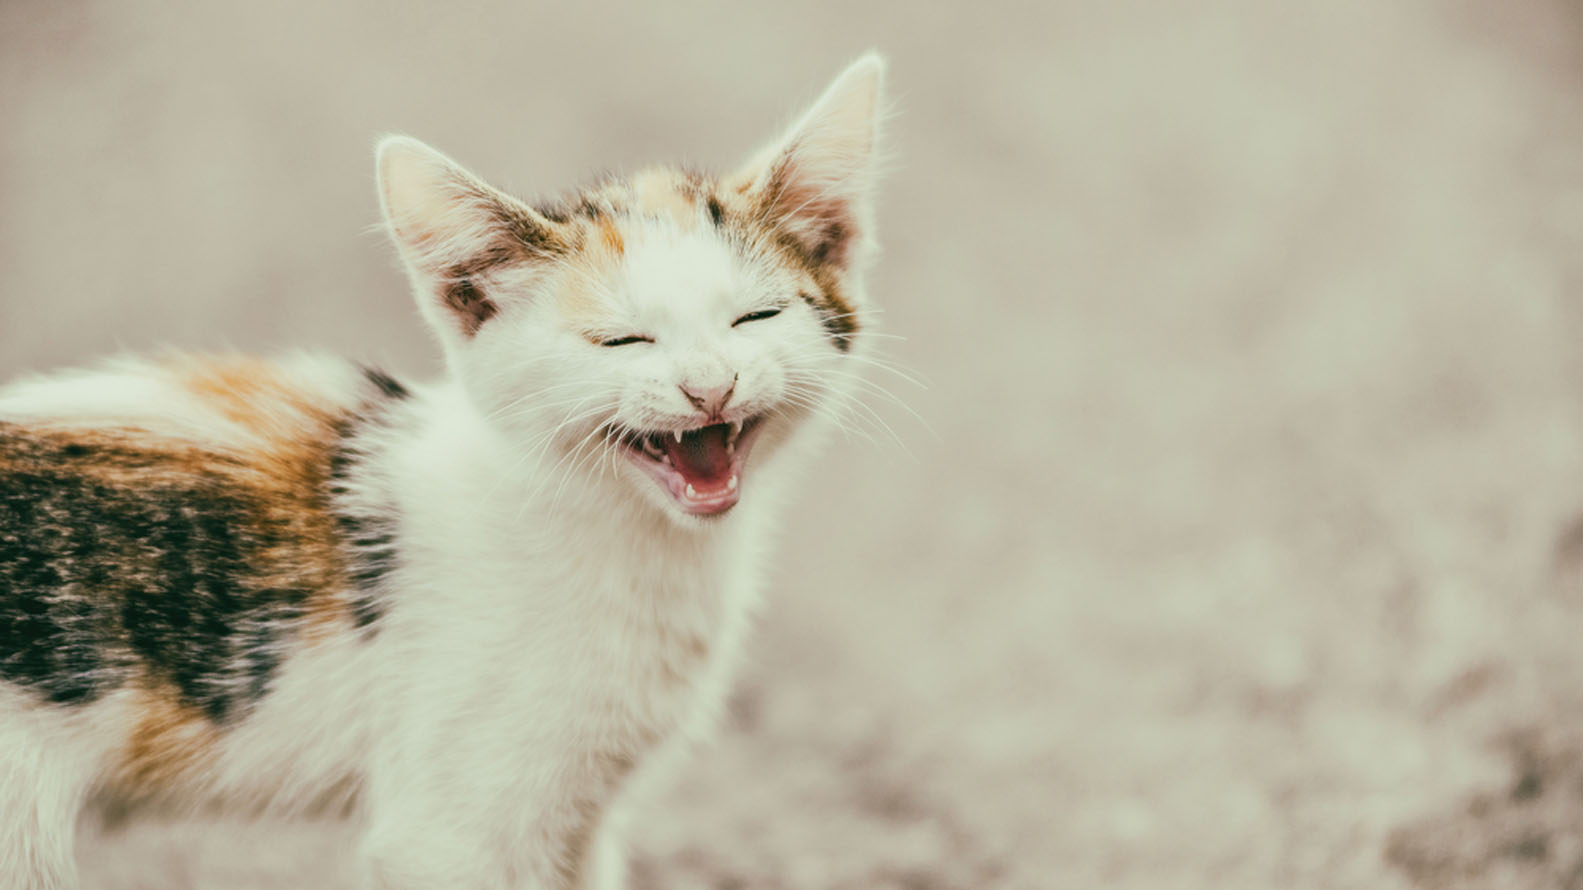 El sonido que emiten los gatos pueden signficar varias cosas, pueden realizarlos para llamar la atención de sus dueños hasta externar molestia (Shutterstock)
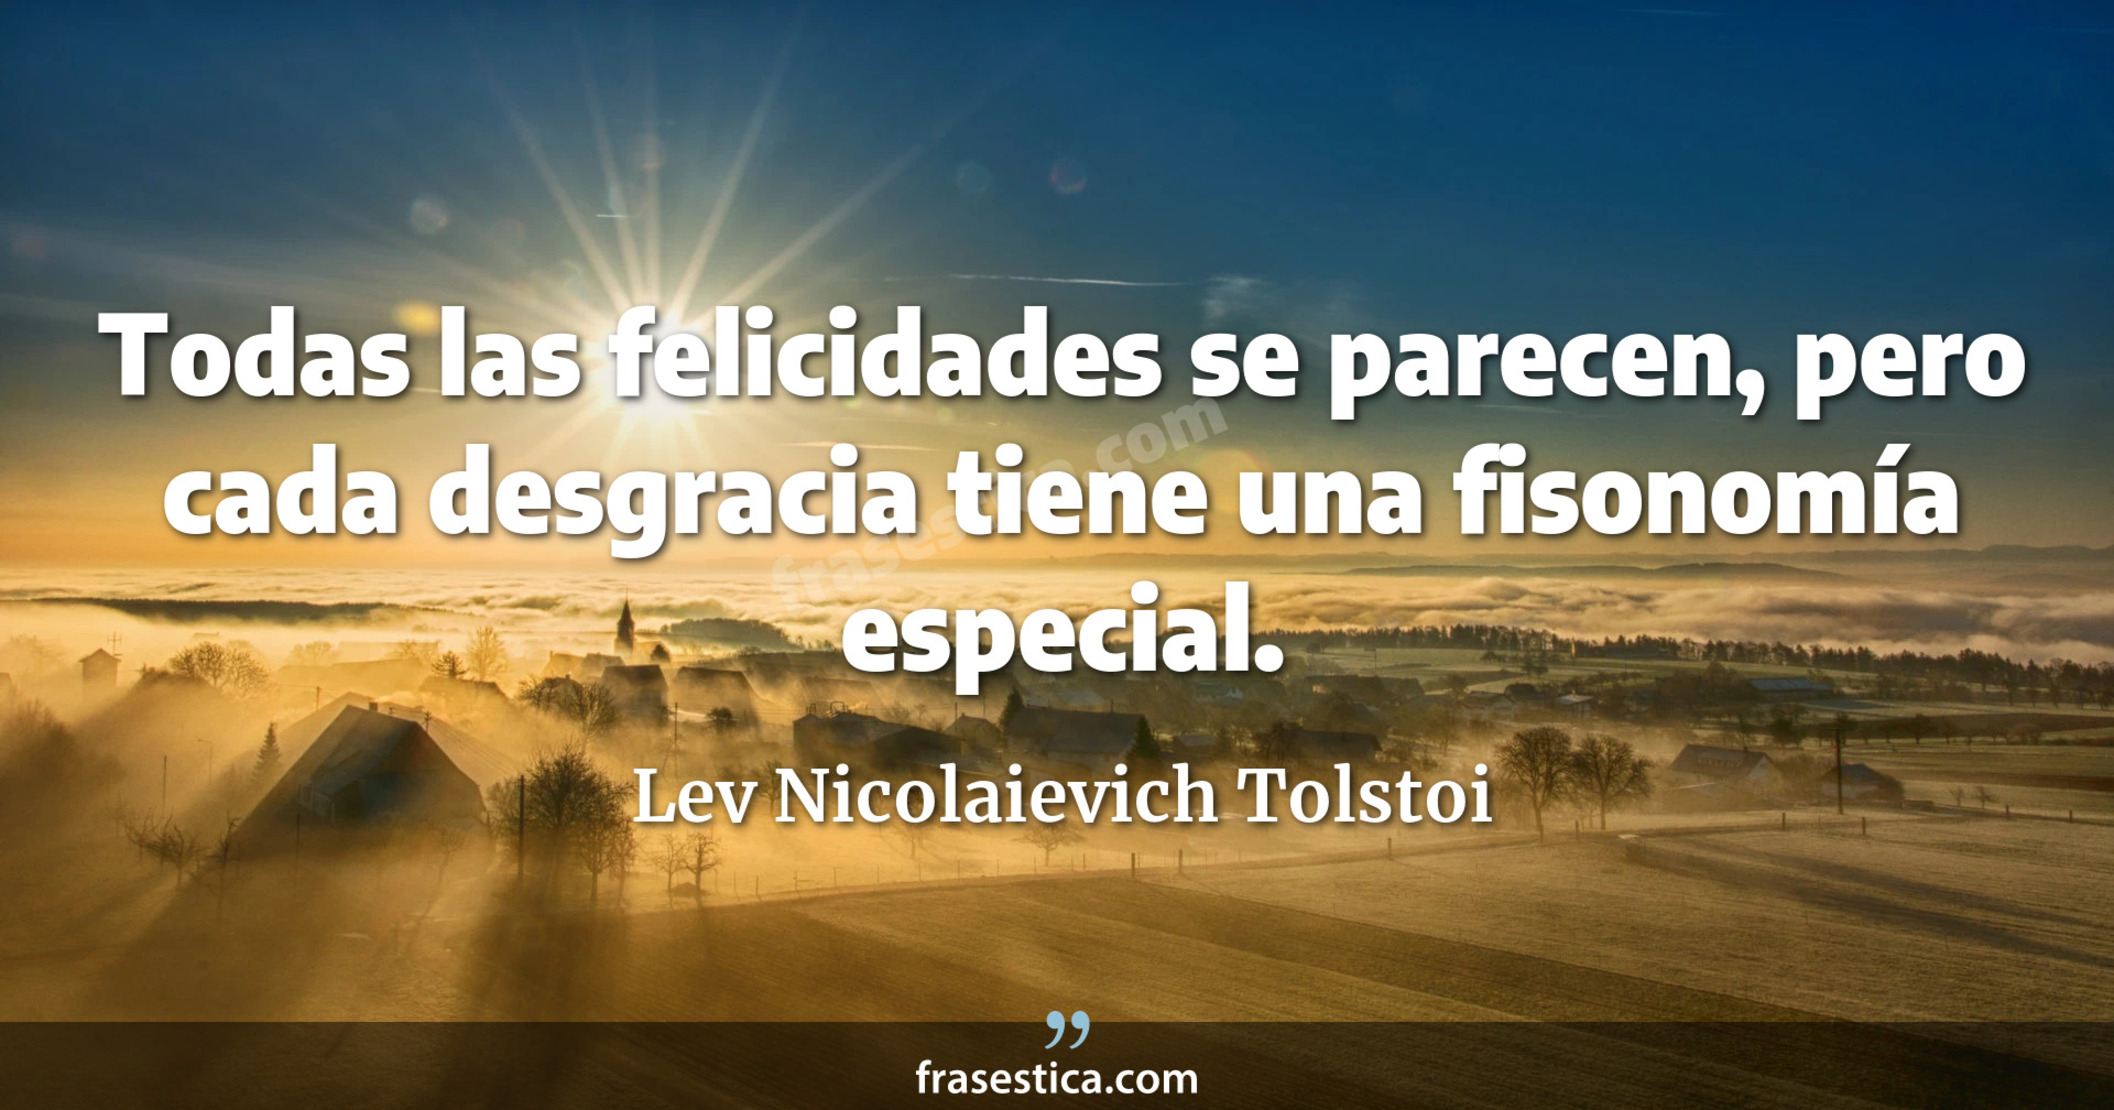 Todas las felicidades se parecen, pero cada desgracia tiene una fisonomía especial. - Lev Nicolaievich Tolstoi
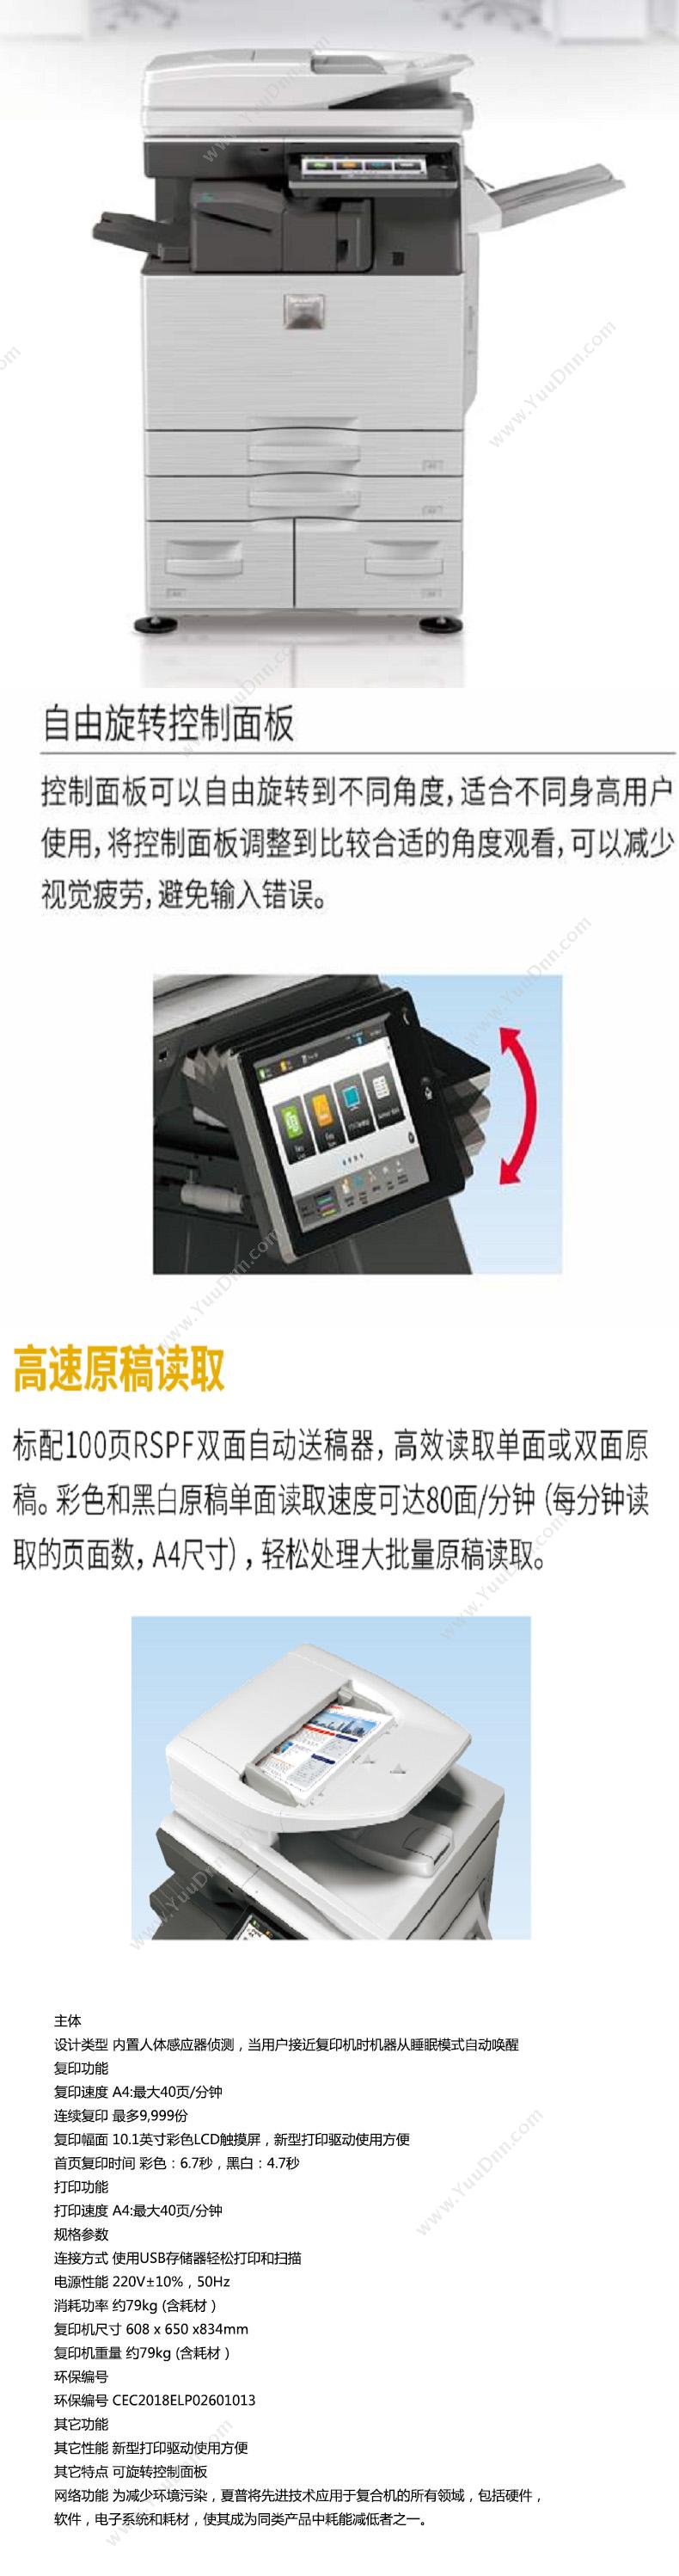 夏普 Sharp MX-C4081RV 复印机 A4彩色激光打印机
---+---
*Problem to solve*. Retype all of the material above precisely as it reads. Pictures are not part of the copy.

*Answer space*.
 El sonido que emiten los gatos pueden signficar varias cosas, pueden realizarlos para llamar la atención de sus dueños hasta externar molestia (Shutterstock)
 Todas las felicidades se parecen, pero cada desgracia tiene una fisonomía especial. - Lev Nicolaievich Tolstoi
 夏普 Sharp MX-C4081RV 复印机 A4彩色激光打印机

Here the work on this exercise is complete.